A short example. Imagine a stream of four possible symbols — call them A, B, C, D — appearing with these probabilities:

A: 50% of the time
B: 25% of the time
C: 12.5% of the time
D: 12.5% of the time

A naive coder would use 2 bits per symbol because there are four options. Shannon's formula tells you the real minimum: the entropy is 0.5×1 + 0.25×2 + 0.125×3 + 0.125×3 = 1.75 bits per symbol. An entropy coder that hits that limit will produce a file 12.5% smaller than the naive one for free — same content, same quality, just smarter bookkeeping.² That 12.5% is real money in storage and CDN bills for anyone moving large volumes of video.

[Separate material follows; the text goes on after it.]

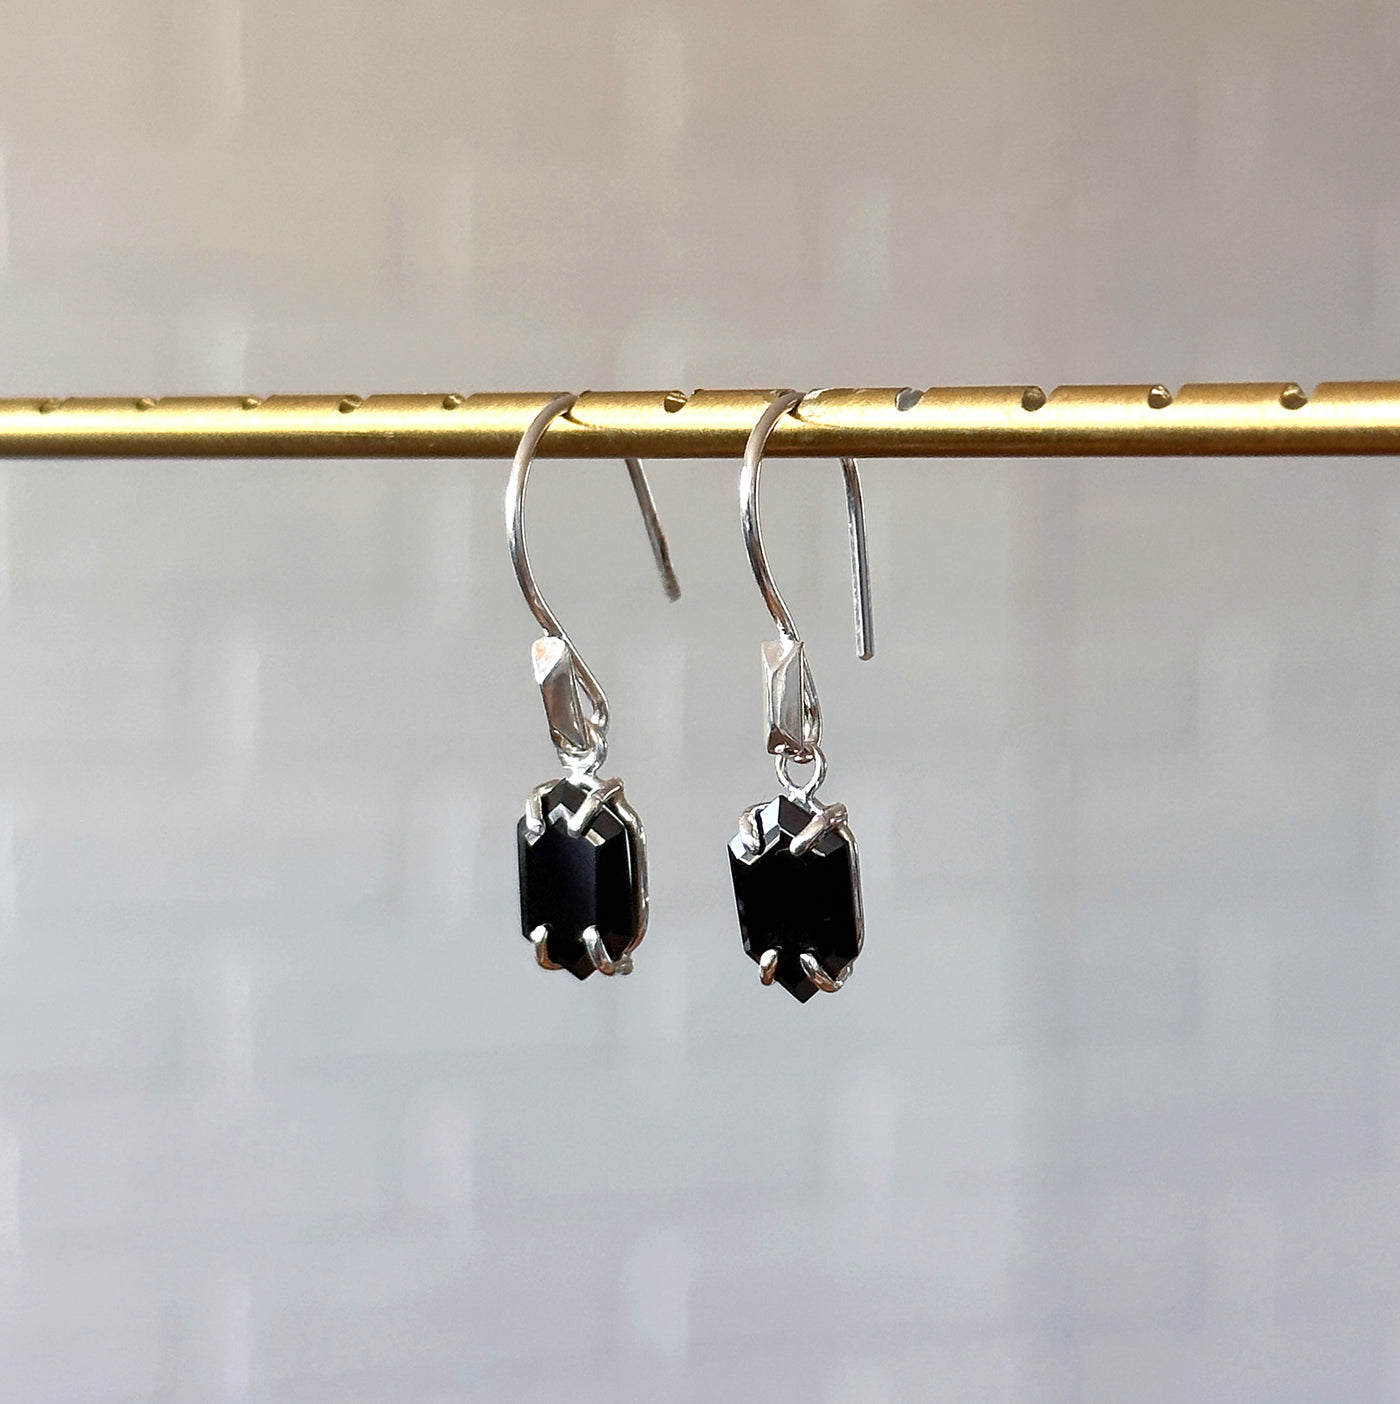 Eloise Black Garnet Earrings in Silver hanging in front of a white brick wall, side angle
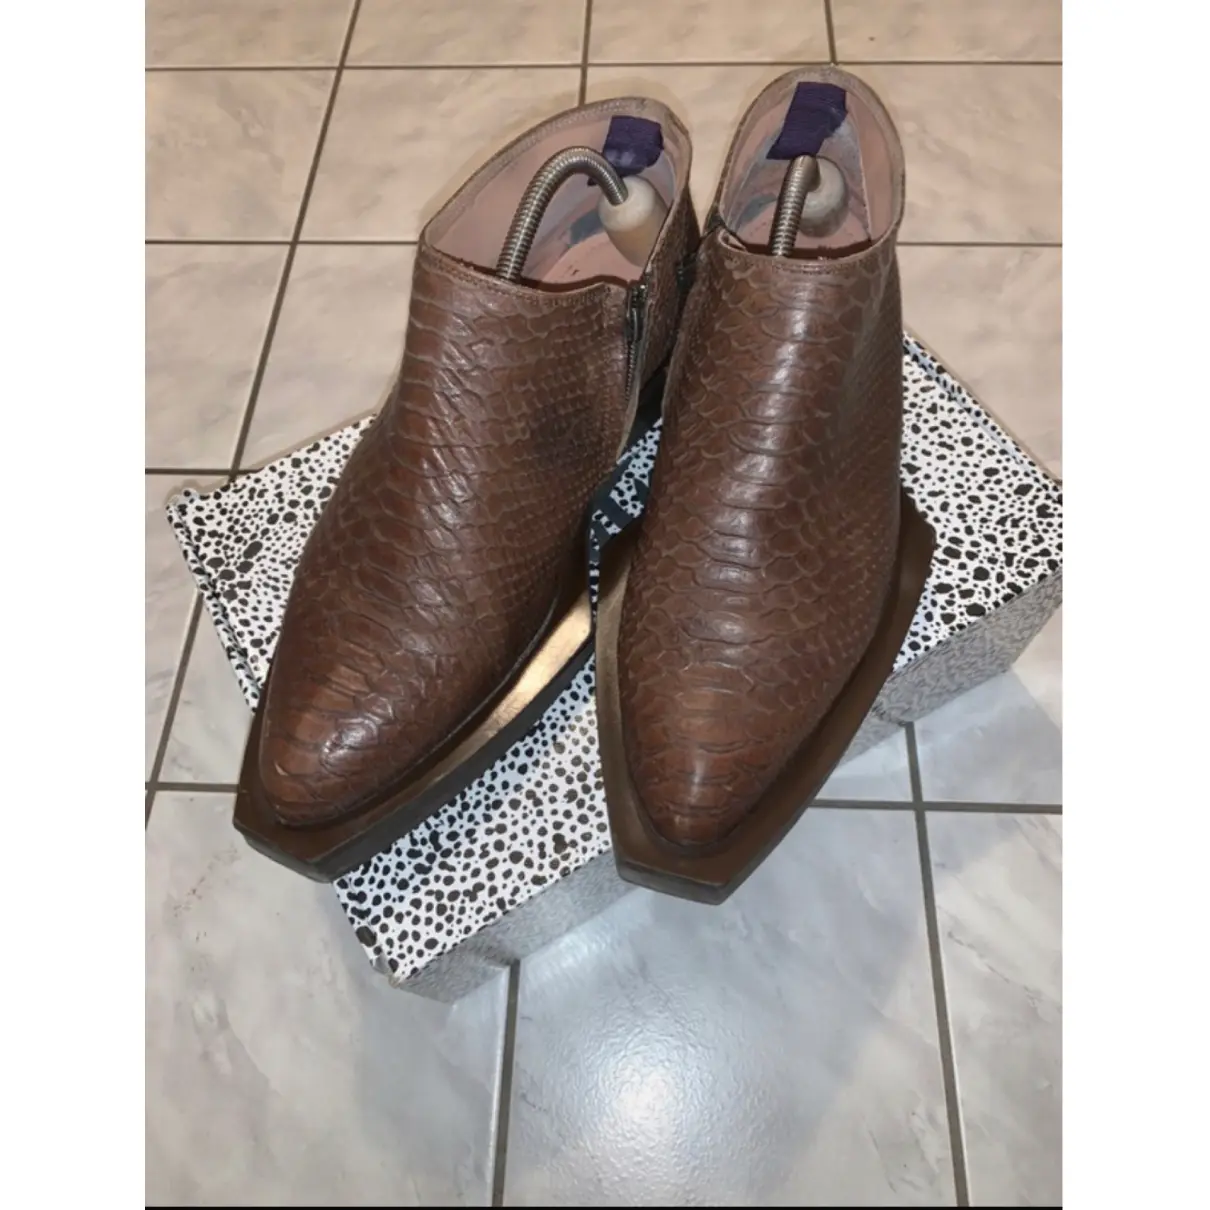 Buy Eytys Leather boots online

A modern video codec produces an output stream that is heavily biased like the example above. After prediction and quantisation, most numbers are zero, motion vectors cluster around small values, and the choice of "which prediction mode did I just use?" follows a strong pattern. The job of entropy coding is to compress those biases out of the bitstream — losslessly, so the decoder can reconstruct the same numbers the encoder sent.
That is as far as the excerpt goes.